Anyone else believe that after Sayid declares to the captain the Kevin/Michael is a spy on the freighter that the very first thing out of his mouth will be; "I know."? Watch Gault’s reaction as they present Michael to him - he’s not even the least bit surprised. In fact, he looks almost disappointed. I think he and Widmore knew exactly who Michael was from the very beginning, and were planning on somehow using that knowledge to find Ben. Sayid and Desmond just blew it for him. He intentionally called Johnson to “clean up this mess” to see if Michael’s ex-friends would approach him. Check out how he watches them over his shoulder on the way back to his quarters. I actually think Gault expected them to secretly buddy up together… he had no way of knowing that Michael committed double-homicide and was totally hated. The captain was completely caught off guard by Sayid turning him in.

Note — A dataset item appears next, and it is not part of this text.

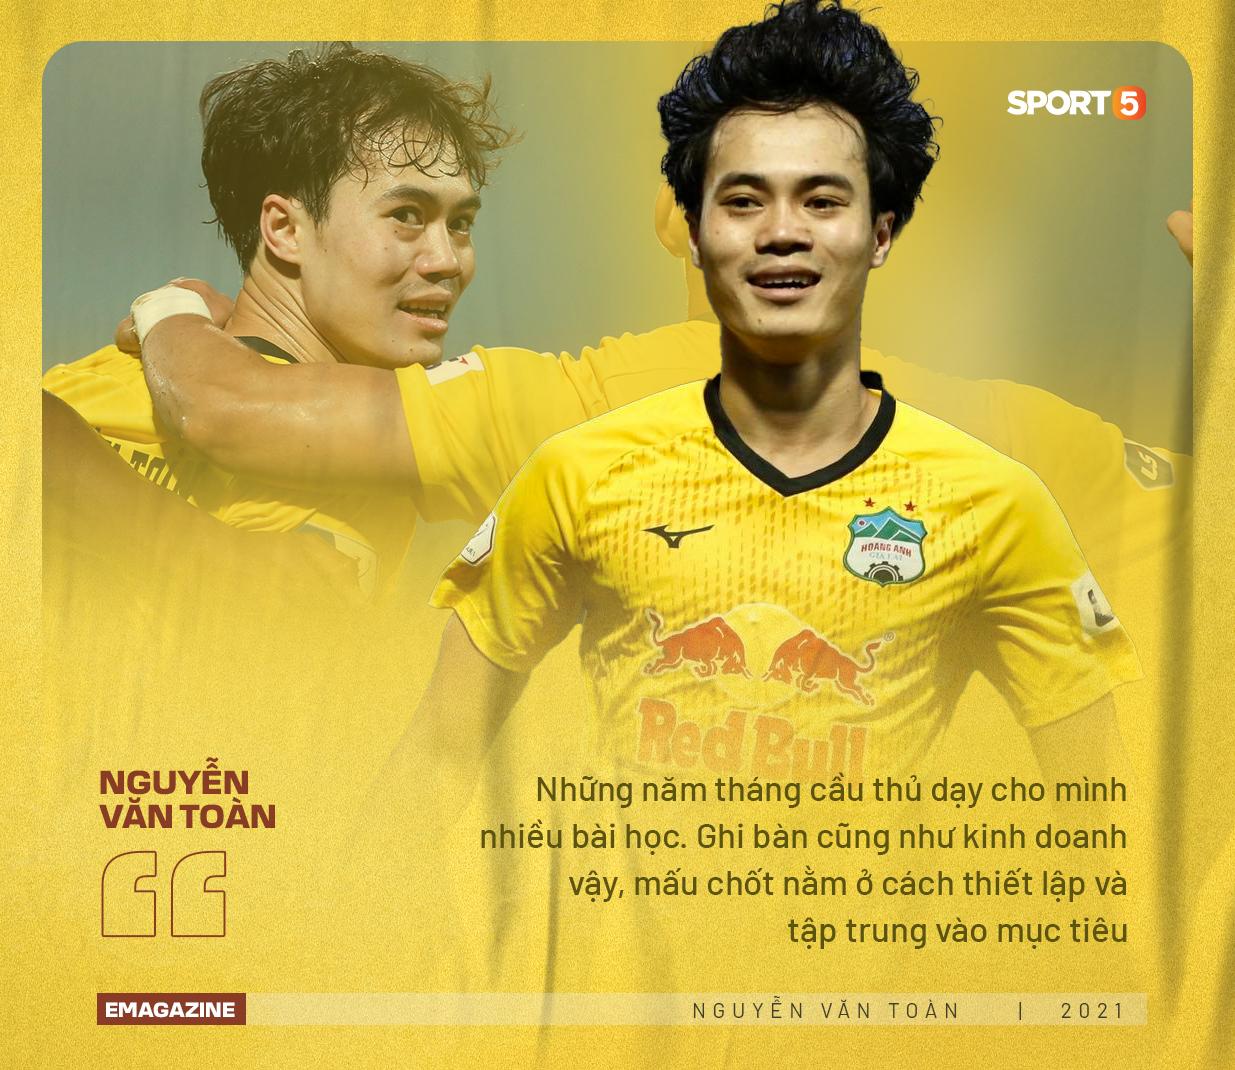 """Nguyễn Văn Toàn: """"Tôi muốn được nhớ đến là một cầu thủ thành công, và doanh nhân thành đạt""""  - Ảnh 2."""

“So he’s one of us now?” No, sorry honey. You’re one of THEM. Claire has it backwards. Ben hasn’t joined the 815 club, it’s more like Team Locke has joined the Others. Ben is currently employing Michael, he’s got Sayid working for him in the future, and now he’s pushing into position on Locke. Not only is Ben free, but he’s a few steps away from leading his own little group once again. And if they hook up with Richard and crew, it’ll be a much bigger group. The way Ben manipulates things to his advantage makes him so awesome. He moves people and resources around the island, revealing knowledge only where and when it leads others into doing what he needs. As I watched him send Danielle, Alex, and Karl away to their ultimate fate, I was reminded sharply of something Locke said a long time ago, when he was describing the game Mousetrap (which happens to also exist in Ben’s rec-room) to that little boy in the store:
“Well you start with all these parts off the board. And then, one by one, you build the trap – shoe, bucket, tub – piece by piece it all comes together. And then you wait until your opponent lands here on the old cheese wheel. And then if you set it up just right, you spring the trap.”
This is the very heart of LOST, summed up for us in season one.
4 comments:
Or maybe it's all just a Patrick Duffy dream.
that's my other guess
Did you see all the fan theories sent in to Cuse and Lindelof that they graded in yesterday's USA Today??? And why wasn't YOUR name among the submitted theories???
you cant give a theory when you already know everything.